Repeat the lines below exactly as they appear, but leave out the images.

DATA SECTION =>
--*--
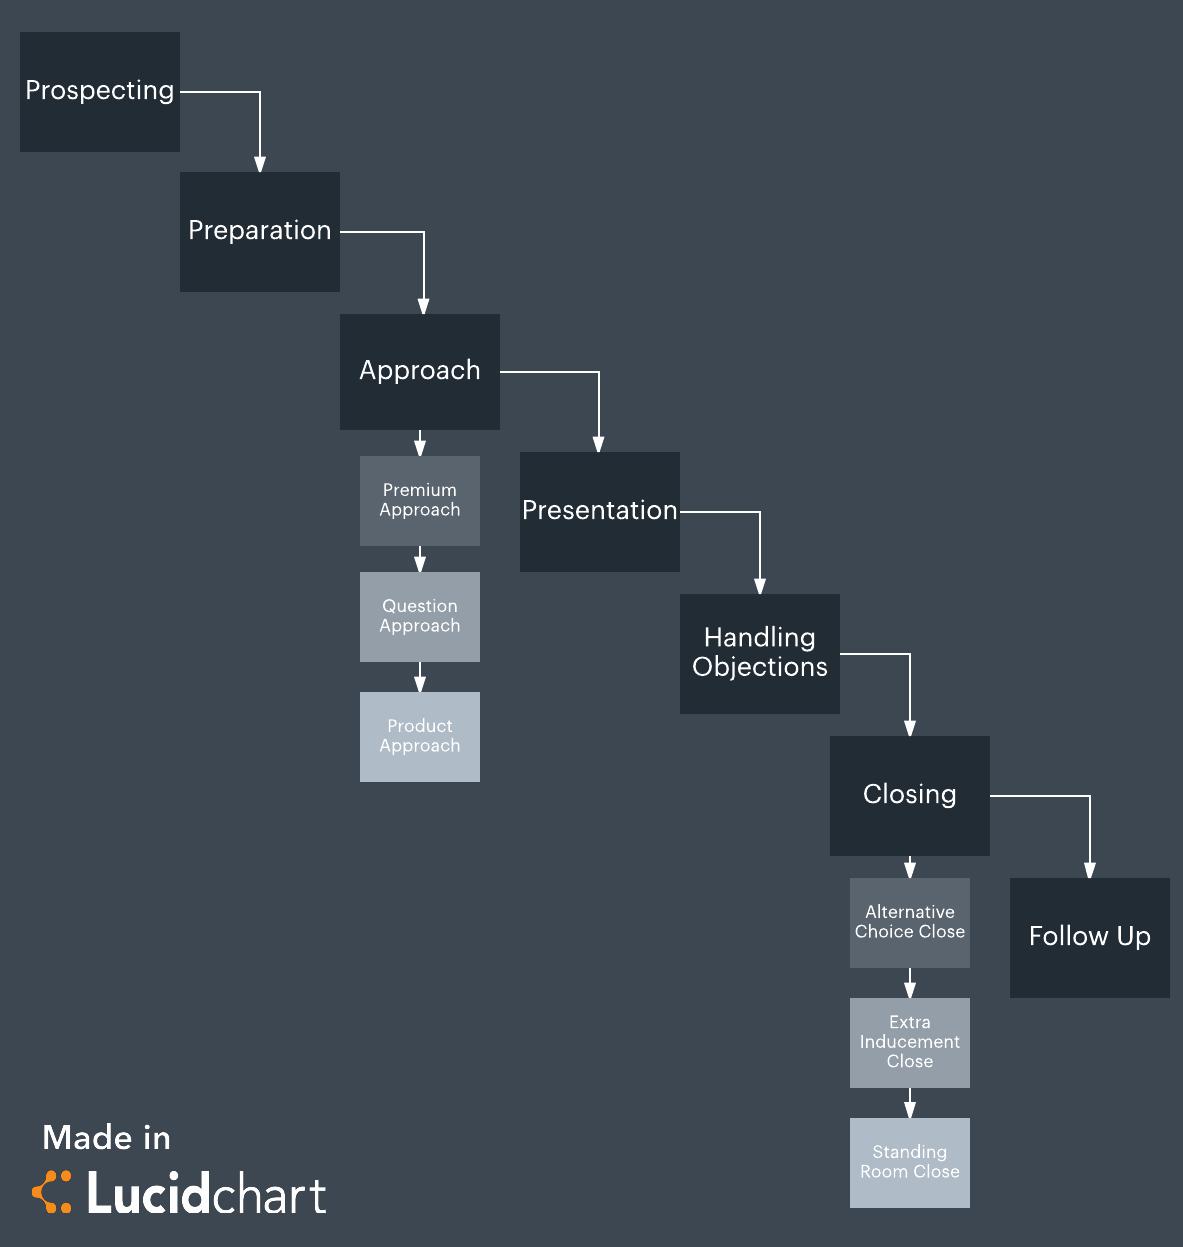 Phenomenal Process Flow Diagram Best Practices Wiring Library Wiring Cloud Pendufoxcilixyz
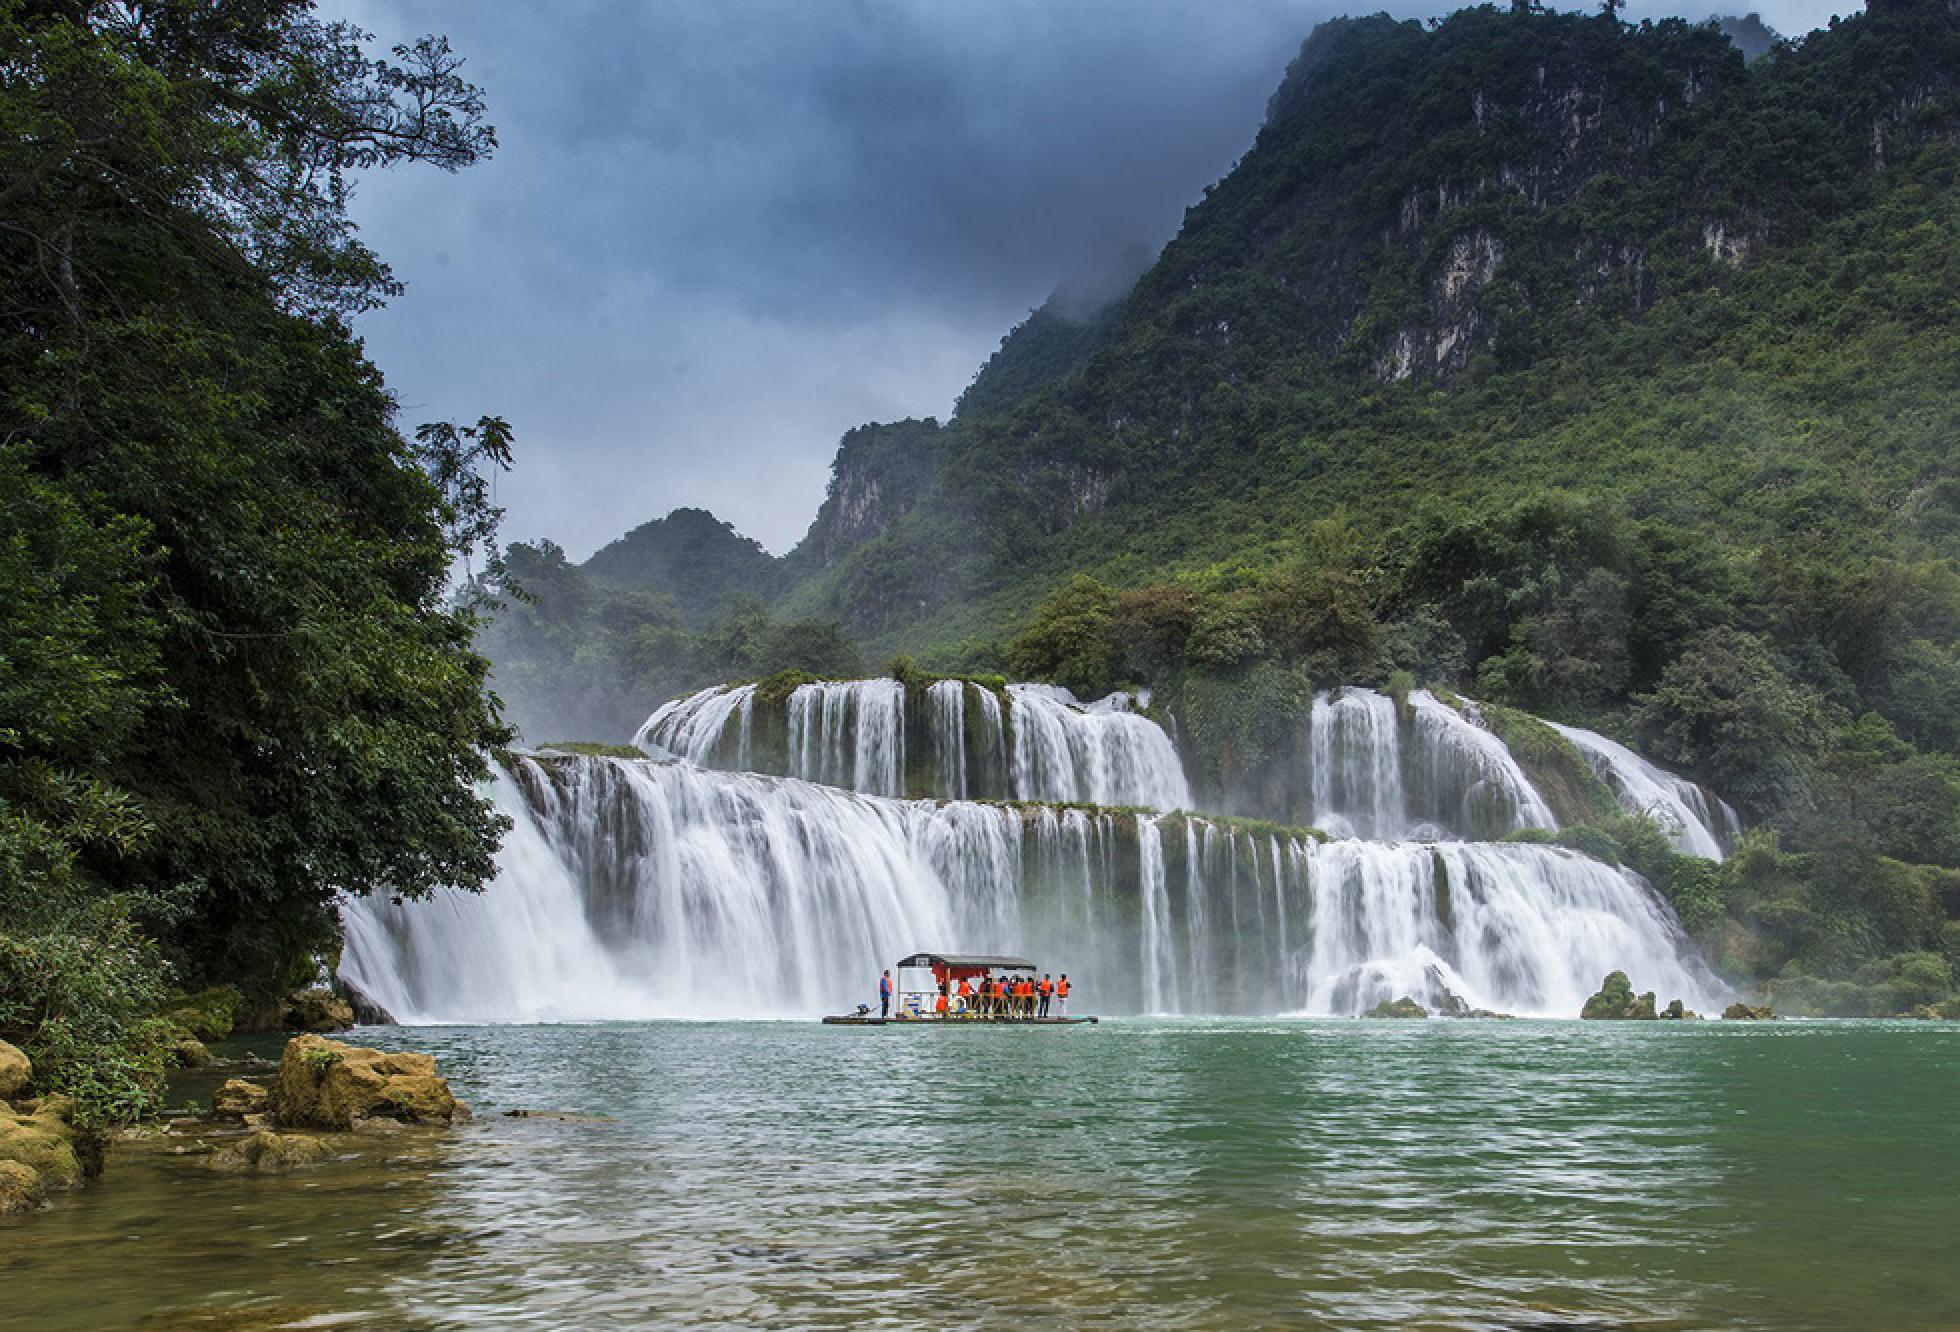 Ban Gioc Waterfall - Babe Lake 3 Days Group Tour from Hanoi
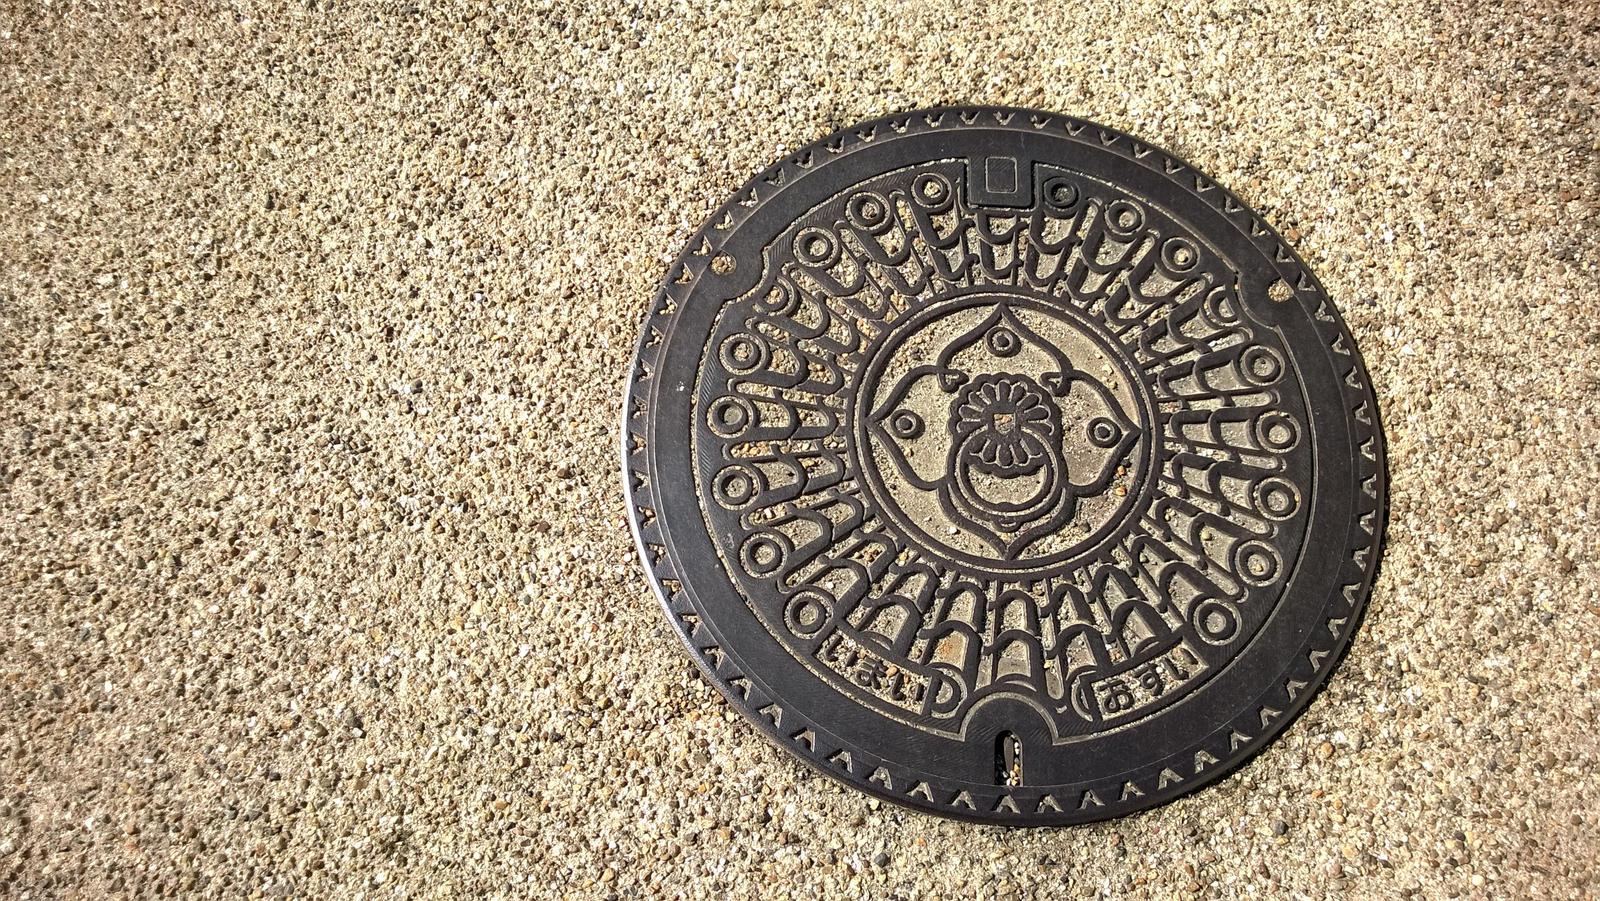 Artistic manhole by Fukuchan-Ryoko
--*--
EXPECTED OUTPUT =>
 Phenomenal Process Flow Diagram Best Practices Wiring Library Wiring Cloud Pendufoxcilixyz
 Ban Gioc Waterfall - Babe Lake 3 Days Group Tour from Hanoi
 Artistic manhole by Fukuchan-Ryoko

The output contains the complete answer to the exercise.